Les mots ont un effet encore plus grave avec Macy. Une idylle est à nouveau amorcée, elle lui glisse en souriant : « I think you’re somebody I can really talk to ». Loin des paroles lyriques et mises en scène du dragueur, elle se confie à lui en toute sincérité, n’hésitant pas à dévoiler certaines blessures. L’homme prend peur et s’enfuit. Le destin le ramène cependant à elle plus tard dans la soirée : il rentre dans la chambre, entame un nouveau monologue pour présenter ses excuses... et réaliser qu’elle s’est suicidée avec ses médicaments. Même si l’acte a eu lieu, hors-champ, avant la scène, à l’image l’effet est celui-là : ce sont les mots de Paul qui l’ont endormie pour toujours. Encore plus tard, il rencontre la serveuse Julie (Teri Garr), qui lui confie être séduite parce qu’il tient sa parole : « You said that you were gonna come back and you did. In these days, that is something to be commended and rewarded ». Paul s’enfuira encore, se sentant pris au piège comme les souris de cet appartement, ou comme l’homme dont le sexe est mordu par un requin dans un dessin grossier sur le mur des toilettes. Cette dernière image peut également renvoyer à la figure humaine dans la grotte de Lascaux ; un avatar préhistorique pour notre héros que ni les ordinateurs ni les paroles viriles ne peuvent sauver. Avec Gail (Catherine O’Hara), la communication reste cassée puisqu’elle empêche de passer un appel téléphonique en lui lâchant des faux numéros jusqu’à ce qu’il perde la tête. Elle lui promet de le reconduire chez lui, mais décide de le condamner au lynchage : elle utilise les haut-parleurs de son camion à glace pour ramener tout le quartier à ses trousses. Les mots de Paul endorment les princesses, ceux de Gail semblent pouvoir réveiller les monstres et les diriger contre le pauvre homme.
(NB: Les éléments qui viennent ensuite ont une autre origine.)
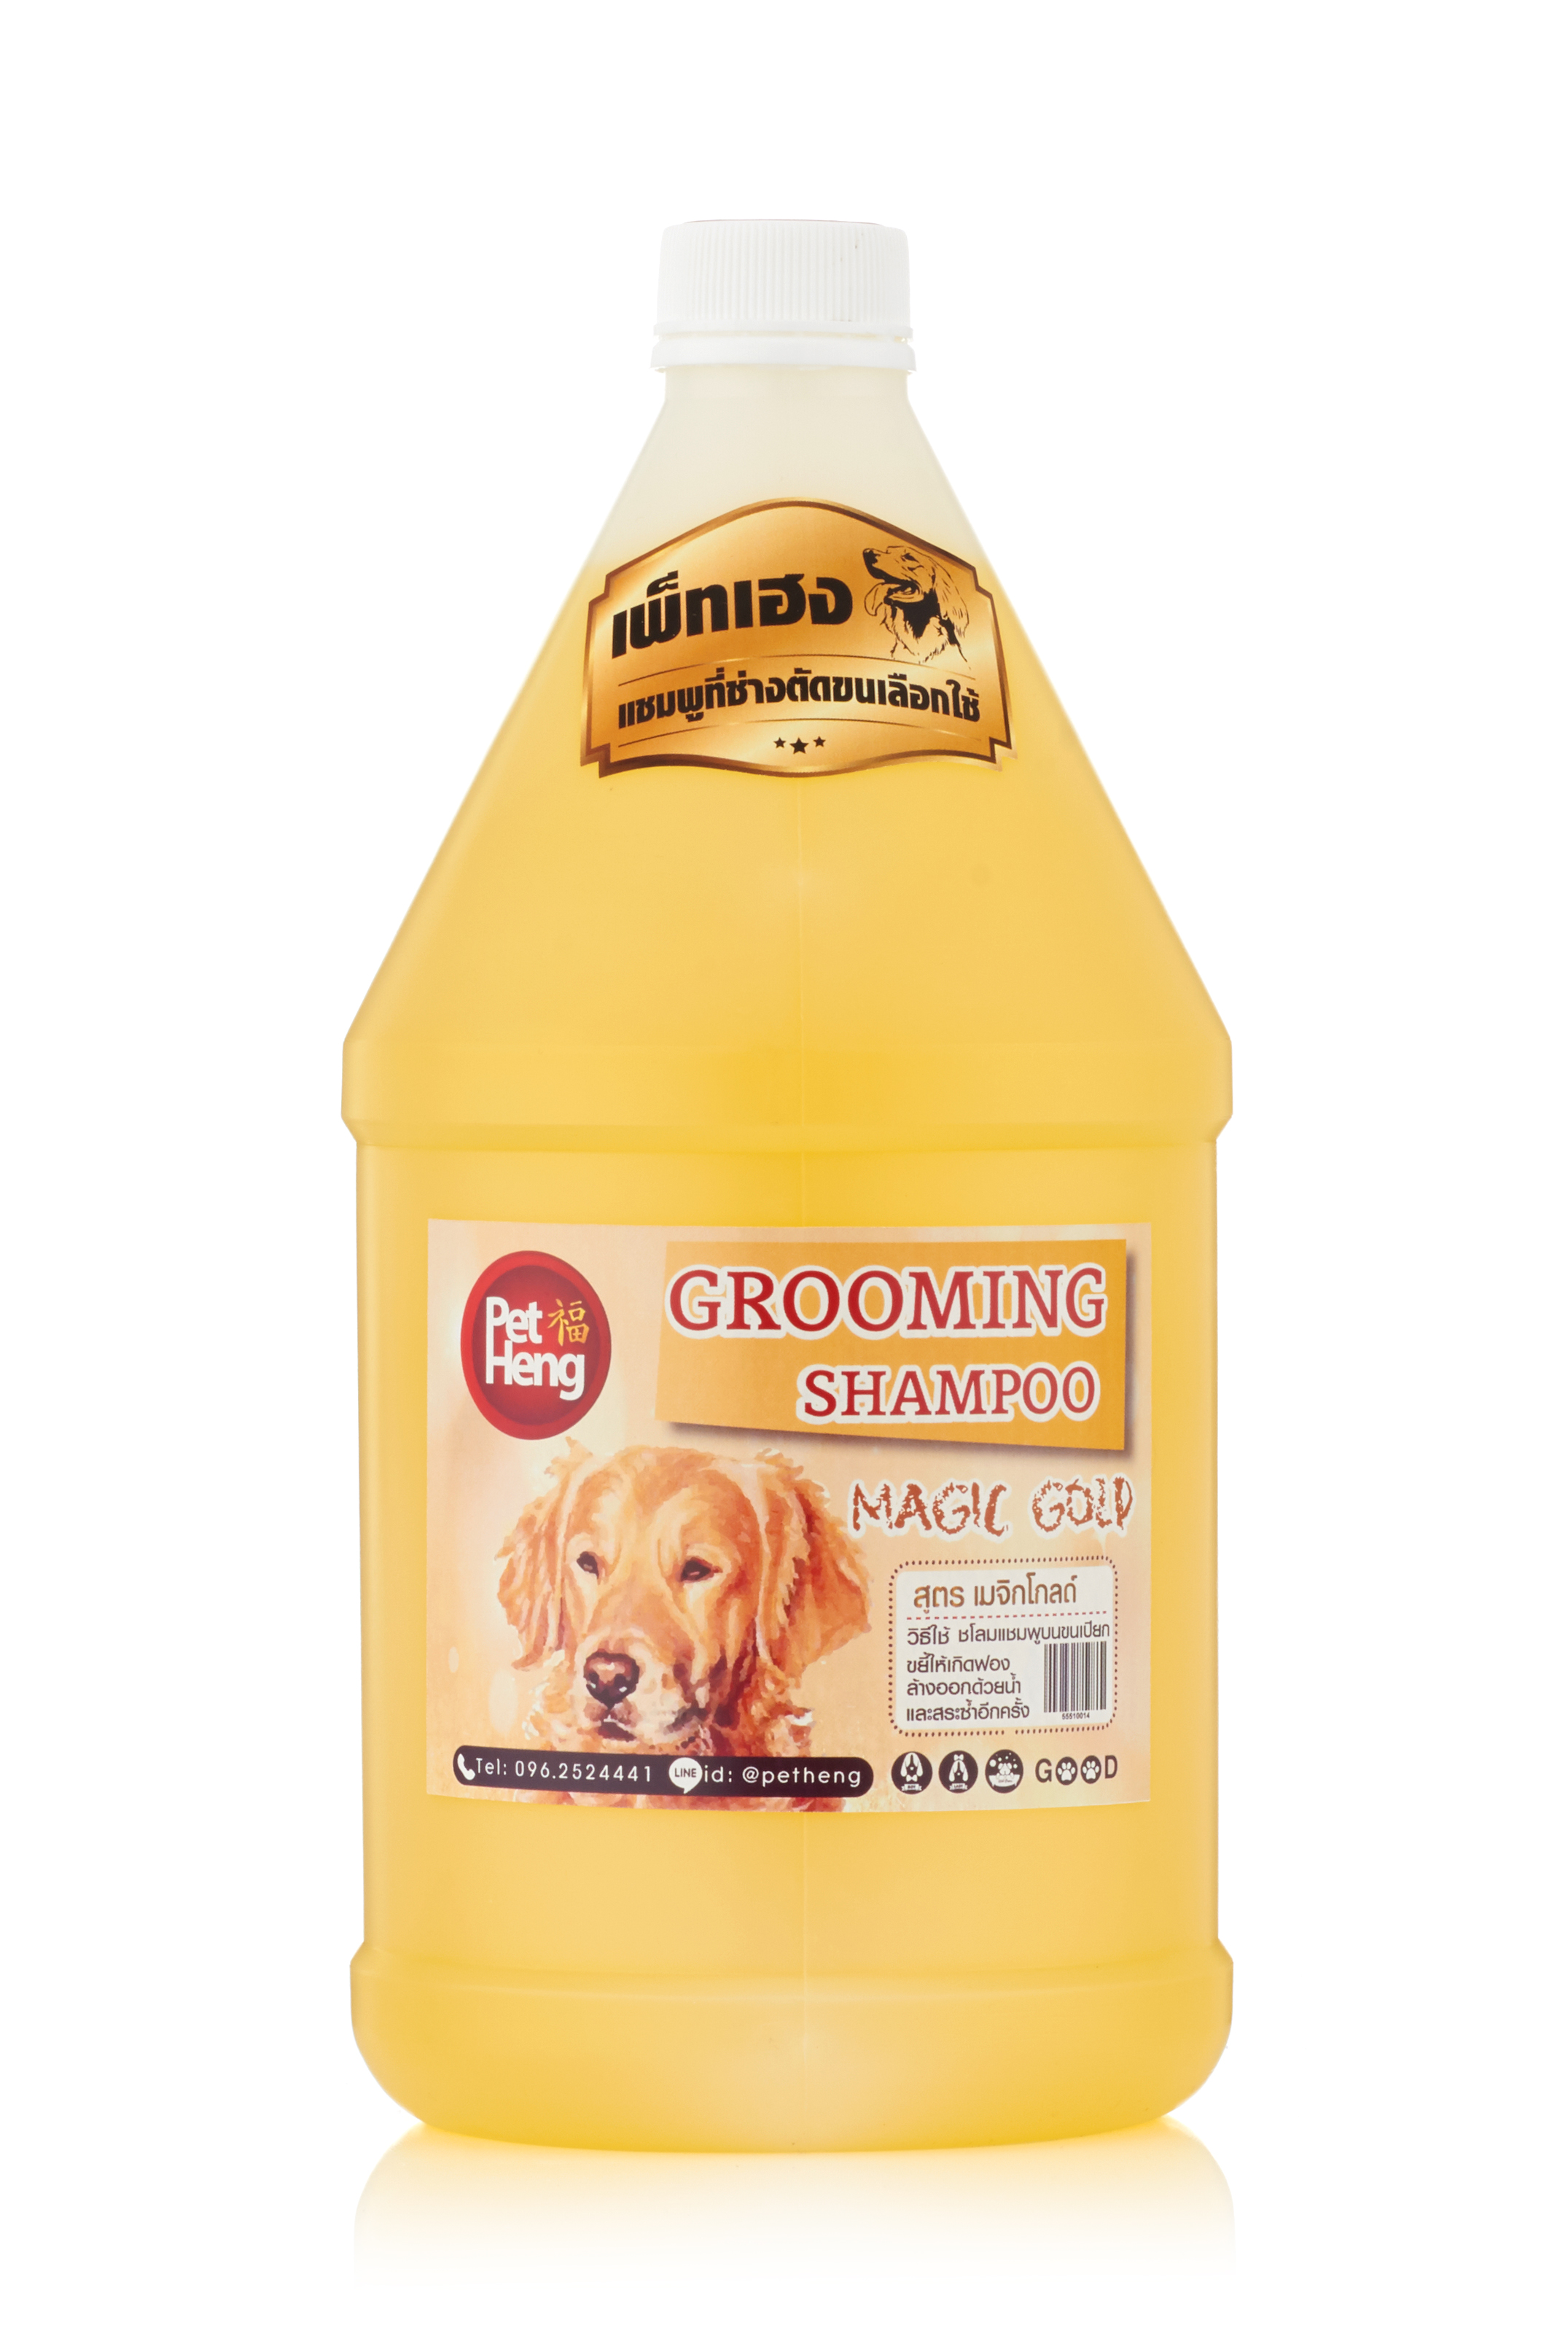 Petheng Dog Shampoo แชมพู สุนัขป้องกัน เห็บหมัด สำหรับสุนัข และอาบเเพะ แกะ ทุกสายพันธุ์ บำรุงขน แก้คัน สูตรเมจิกโกลด์ 1 ลิตร

Sans doute déboussolé par toutes ces rencontres féminines, notre Ulysse new-yorkais se tourne alors vers une présence masculine et parvient à s’incruster chez un passant qui a tout l’air d’un homosexuel refoulé. Au bord de l’hystérie, il entame un nouveau monologue enivré pour raconter toutes les péripéties vécues cette nuit-là, aidé par des fondus enchainés qui accélèrent le récit. Les contre-champs, irrésistibles, présentent son hôte, impassible, levant parfois les yeux au ciel. Sa descente aux enfers ne peut même pas, en étant racontée, susciter de l’empathie, seulement l’ennui et l’indifférence. Restent une dernière rencontre et une conclusion implacable avec June (Verna Bloom) dans le club Berlin. Paul devient littéralement la statue qu’il avait aidé à élaborer chez Kiki. Immobilisé, il demande à son interlocutrice de le faire sortir de là, mais reçoit le coup fatal porté à son verbe viril : elle lui colle un papier sur la bouche. Lui qui avait cru reconnaitre dans la sculpture initiale Le Cri d'Edvard Munch, est désormais condamné ironiquement au silence. Cette statue humaine trouve également un écho avec les fameuses images de Pompéi. Bien loin d’un Ulysse séducteur, le pauvre homme ressemble alors plutôt à un de ces anonymes pétrifiés dans le silence et l’immobilité pour l‘éternité. Loin du volcan et toute sa symbolique amoureuse, il suffit de quelques rencontres féminines apparemment anodines pour le rendre muet. La boucle est bouclée, le dragueur a perdu ses mots. Ultime ironie d'After Hours : au terme de son odyssée étourdissante, il revient malgré tout à son Ithaque, non pas une maison et une famille, mais son bureau et son travail. La dernière image montre un dernier acte de communication, de la machine vers l’humain, comme si cette fois l’ordinateur décrypte son utilisateur : « Good Morning, Paul ».